## Dataset items
※

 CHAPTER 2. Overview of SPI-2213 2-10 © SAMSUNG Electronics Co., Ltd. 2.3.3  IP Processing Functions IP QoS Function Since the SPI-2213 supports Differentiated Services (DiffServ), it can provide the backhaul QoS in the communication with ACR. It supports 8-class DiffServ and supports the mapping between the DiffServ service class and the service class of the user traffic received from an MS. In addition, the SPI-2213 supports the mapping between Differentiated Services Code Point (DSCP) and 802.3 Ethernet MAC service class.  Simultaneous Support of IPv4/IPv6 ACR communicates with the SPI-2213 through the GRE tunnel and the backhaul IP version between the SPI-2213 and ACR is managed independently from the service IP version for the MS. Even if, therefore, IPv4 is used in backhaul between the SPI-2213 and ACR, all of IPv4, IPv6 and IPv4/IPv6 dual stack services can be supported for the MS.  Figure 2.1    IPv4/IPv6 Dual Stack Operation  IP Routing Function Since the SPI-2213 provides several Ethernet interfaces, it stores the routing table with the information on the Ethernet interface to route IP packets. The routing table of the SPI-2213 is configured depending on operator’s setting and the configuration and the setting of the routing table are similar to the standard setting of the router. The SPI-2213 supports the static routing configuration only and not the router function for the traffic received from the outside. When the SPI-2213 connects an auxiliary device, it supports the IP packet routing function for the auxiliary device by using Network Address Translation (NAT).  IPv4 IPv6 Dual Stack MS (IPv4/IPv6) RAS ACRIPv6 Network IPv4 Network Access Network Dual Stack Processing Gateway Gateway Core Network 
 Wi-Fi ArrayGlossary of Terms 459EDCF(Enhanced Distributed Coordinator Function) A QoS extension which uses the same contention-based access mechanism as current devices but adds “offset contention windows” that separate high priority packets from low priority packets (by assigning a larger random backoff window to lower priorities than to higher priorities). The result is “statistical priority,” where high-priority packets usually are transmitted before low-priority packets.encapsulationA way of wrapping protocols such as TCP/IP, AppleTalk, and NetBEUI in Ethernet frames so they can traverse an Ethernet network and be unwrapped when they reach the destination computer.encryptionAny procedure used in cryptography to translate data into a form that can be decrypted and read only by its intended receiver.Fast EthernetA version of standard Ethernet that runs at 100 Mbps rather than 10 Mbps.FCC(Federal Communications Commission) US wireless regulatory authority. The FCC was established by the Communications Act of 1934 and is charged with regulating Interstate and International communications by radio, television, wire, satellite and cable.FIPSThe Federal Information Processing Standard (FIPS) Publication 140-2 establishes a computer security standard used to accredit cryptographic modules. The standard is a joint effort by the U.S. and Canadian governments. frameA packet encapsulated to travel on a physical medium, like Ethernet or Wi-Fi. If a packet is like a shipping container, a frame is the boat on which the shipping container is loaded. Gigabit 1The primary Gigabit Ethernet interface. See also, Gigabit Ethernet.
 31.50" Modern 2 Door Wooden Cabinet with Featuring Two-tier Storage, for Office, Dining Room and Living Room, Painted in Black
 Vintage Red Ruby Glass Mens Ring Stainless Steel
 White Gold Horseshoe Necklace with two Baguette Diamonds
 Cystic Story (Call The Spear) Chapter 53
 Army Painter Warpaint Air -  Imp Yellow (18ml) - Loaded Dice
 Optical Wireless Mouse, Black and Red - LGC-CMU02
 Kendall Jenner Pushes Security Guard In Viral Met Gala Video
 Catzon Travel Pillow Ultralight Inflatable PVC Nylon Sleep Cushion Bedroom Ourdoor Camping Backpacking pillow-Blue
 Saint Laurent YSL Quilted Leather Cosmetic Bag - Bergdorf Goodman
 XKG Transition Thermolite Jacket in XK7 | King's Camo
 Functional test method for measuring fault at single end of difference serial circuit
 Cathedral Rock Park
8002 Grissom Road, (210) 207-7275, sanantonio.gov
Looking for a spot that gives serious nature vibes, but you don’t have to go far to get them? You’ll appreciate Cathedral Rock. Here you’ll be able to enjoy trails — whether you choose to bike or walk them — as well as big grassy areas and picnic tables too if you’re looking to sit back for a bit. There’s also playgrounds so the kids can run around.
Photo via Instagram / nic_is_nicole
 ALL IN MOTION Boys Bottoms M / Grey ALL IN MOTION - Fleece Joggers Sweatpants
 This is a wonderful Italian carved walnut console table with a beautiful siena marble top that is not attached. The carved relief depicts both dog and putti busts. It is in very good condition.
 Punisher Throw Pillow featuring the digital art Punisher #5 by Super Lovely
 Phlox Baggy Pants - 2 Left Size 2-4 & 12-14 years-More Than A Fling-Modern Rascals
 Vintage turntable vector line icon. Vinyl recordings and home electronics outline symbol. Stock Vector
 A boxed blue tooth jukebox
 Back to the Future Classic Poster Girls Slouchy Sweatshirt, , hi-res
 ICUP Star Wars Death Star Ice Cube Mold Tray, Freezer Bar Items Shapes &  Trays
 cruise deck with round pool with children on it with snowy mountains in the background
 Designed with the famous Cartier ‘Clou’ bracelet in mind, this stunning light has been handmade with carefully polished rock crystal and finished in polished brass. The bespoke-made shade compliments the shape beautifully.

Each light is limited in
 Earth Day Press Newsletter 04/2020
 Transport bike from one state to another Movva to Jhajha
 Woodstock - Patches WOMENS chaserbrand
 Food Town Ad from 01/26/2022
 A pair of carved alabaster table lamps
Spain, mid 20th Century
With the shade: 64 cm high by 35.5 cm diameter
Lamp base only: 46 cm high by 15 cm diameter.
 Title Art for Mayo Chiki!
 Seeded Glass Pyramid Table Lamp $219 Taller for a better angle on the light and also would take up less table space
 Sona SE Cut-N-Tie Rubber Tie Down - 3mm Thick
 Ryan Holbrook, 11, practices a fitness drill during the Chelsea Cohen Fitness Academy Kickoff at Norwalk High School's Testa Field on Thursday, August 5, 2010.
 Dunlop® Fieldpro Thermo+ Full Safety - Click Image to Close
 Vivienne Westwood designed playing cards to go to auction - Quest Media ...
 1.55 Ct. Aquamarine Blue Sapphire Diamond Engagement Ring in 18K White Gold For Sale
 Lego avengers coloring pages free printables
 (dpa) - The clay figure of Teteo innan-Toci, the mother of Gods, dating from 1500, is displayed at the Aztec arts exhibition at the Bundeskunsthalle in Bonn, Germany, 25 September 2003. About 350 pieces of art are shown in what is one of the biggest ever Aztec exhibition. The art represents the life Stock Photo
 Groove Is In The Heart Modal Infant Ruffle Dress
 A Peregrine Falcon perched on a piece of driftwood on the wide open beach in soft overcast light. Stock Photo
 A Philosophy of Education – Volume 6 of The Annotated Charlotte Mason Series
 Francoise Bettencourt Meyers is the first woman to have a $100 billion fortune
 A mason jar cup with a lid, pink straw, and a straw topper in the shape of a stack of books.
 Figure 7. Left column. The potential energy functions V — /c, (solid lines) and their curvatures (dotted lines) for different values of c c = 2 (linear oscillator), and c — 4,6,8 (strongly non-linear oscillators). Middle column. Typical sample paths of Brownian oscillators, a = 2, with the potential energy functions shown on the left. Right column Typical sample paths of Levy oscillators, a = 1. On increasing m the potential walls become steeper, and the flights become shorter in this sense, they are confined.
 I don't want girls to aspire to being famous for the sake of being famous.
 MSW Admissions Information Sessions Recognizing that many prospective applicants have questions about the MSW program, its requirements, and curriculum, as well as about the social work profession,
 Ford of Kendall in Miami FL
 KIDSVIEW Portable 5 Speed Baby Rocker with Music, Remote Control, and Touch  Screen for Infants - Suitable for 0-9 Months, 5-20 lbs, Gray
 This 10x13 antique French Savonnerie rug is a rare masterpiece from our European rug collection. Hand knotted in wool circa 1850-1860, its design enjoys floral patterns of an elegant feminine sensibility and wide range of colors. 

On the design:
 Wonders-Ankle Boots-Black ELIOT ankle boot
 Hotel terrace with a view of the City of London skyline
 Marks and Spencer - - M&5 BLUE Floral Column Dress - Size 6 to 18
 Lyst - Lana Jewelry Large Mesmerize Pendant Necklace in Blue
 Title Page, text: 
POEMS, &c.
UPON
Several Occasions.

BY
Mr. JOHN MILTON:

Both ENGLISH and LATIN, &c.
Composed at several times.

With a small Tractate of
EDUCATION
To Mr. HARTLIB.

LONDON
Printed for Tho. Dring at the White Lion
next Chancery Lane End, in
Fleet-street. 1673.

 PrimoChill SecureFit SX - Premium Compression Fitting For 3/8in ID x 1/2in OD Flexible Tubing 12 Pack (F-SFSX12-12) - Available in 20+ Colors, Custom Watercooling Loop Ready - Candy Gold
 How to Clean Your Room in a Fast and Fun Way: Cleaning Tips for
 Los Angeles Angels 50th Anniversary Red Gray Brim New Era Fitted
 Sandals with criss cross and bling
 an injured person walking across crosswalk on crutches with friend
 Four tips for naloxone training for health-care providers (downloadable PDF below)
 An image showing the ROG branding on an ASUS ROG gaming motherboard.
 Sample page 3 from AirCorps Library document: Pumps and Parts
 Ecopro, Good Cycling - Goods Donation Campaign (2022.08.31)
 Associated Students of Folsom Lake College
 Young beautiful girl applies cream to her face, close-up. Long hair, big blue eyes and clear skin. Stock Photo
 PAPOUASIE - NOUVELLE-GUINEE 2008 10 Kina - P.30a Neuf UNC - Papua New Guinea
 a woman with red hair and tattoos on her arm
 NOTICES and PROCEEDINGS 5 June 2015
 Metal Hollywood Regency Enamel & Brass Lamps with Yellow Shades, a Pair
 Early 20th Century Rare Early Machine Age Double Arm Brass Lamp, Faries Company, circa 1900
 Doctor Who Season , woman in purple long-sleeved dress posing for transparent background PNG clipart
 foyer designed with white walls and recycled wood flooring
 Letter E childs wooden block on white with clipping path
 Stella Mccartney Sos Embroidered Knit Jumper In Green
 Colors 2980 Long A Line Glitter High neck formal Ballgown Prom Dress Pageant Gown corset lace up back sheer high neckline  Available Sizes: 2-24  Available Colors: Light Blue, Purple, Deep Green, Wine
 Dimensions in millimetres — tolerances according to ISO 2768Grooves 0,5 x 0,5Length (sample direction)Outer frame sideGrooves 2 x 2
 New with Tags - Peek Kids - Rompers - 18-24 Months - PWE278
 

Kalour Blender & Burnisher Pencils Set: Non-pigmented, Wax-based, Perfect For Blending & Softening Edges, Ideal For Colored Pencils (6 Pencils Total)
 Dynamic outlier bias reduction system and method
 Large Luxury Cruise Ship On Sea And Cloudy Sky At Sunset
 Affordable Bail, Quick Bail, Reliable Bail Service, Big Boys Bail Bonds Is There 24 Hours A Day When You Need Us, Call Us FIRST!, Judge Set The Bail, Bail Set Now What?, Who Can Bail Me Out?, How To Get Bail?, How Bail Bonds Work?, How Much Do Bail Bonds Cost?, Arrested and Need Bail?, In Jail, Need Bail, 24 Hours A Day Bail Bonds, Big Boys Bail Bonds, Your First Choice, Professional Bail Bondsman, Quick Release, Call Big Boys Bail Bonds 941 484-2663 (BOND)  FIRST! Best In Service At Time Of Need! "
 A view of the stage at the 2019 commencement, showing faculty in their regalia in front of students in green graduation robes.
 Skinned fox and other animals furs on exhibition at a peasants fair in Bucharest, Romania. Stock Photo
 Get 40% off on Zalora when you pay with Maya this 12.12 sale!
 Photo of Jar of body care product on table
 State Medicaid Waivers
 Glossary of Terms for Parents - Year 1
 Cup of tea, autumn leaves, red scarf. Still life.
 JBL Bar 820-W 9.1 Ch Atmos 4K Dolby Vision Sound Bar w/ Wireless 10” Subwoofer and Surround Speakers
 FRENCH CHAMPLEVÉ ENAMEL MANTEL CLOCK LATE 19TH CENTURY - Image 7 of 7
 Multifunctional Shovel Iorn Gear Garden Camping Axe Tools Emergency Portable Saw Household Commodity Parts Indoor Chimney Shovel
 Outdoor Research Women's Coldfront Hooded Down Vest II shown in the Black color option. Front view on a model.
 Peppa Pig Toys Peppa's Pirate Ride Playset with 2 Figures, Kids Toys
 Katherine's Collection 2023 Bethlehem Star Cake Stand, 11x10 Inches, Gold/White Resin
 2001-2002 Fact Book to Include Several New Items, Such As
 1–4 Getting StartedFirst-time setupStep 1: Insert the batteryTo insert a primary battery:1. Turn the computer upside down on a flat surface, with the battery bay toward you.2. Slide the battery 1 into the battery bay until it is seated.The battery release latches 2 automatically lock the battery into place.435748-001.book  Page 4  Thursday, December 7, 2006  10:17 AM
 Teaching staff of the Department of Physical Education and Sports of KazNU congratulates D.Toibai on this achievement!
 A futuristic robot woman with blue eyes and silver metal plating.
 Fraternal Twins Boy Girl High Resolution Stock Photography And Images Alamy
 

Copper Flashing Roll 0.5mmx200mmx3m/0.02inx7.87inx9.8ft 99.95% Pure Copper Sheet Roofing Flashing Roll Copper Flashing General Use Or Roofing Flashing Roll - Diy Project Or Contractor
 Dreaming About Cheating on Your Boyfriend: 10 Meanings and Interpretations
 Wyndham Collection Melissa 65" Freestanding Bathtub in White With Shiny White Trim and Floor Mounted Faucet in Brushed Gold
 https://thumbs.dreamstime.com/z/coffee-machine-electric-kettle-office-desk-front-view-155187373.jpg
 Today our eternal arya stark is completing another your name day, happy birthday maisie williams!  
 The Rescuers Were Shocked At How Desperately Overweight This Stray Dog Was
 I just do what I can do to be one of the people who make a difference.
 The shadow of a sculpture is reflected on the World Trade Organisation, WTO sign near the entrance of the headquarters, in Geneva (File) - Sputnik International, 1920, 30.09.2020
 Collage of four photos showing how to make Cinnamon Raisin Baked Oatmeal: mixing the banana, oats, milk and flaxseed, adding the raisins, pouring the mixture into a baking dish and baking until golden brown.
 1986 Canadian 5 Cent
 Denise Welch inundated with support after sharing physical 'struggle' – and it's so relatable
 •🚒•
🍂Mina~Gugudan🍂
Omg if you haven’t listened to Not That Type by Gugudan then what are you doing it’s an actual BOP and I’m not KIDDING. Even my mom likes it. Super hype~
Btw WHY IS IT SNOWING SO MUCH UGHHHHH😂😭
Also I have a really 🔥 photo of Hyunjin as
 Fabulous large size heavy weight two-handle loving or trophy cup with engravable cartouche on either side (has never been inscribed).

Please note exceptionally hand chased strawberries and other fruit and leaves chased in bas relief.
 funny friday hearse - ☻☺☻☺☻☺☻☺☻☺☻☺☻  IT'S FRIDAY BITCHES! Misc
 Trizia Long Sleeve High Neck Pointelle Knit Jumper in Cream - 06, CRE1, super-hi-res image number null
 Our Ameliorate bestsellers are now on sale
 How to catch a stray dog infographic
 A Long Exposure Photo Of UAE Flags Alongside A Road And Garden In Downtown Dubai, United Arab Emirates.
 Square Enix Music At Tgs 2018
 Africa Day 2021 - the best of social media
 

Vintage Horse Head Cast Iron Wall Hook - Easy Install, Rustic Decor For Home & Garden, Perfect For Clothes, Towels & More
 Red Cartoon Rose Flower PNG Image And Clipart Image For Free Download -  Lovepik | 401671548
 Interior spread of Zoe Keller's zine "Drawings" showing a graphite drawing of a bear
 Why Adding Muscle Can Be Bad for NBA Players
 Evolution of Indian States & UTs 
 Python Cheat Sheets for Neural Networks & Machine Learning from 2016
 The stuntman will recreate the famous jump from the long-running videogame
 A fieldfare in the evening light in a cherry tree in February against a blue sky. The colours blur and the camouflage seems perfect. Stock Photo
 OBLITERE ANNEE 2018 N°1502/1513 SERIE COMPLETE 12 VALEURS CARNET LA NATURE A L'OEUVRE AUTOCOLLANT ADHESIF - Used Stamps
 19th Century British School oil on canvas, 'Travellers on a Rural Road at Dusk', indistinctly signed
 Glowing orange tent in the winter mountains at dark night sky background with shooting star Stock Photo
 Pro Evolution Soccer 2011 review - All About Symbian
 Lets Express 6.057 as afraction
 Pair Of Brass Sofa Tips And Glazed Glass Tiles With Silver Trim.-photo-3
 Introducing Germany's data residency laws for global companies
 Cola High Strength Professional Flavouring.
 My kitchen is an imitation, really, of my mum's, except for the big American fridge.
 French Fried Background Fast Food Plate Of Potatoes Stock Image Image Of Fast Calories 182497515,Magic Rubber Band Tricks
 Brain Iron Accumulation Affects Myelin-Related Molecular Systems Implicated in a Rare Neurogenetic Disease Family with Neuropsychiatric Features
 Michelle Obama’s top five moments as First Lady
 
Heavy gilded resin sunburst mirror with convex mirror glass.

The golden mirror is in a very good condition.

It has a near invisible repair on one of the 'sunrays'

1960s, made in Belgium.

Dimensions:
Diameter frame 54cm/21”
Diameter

※

## TRY IT
Above are the records. Copy the lines beginning at the one that has "MSW Admissions Information" and ending with the one that has "Marks and Spencer", unchanged.

## FINISHED EXERCISE
 MSW Admissions Information Sessions Recognizing that many prospective applicants have questions about the MSW program, its requirements, and curriculum, as well as about the social work profession,
 Ford of Kendall in Miami FL
 KIDSVIEW Portable 5 Speed Baby Rocker with Music, Remote Control, and Touch  Screen for Infants - Suitable for 0-9 Months, 5-20 lbs, Gray
 This 10x13 antique French Savonnerie rug is a rare masterpiece from our European rug collection. Hand knotted in wool circa 1850-1860, its design enjoys floral patterns of an elegant feminine sensibility and wide range of colors. 

On the design:
 Wonders-Ankle Boots-Black ELIOT ankle boot
 Hotel terrace with a view of the City of London skyline
 Marks and Spencer - - M&5 BLUE Floral Column Dress - Size 6 to 18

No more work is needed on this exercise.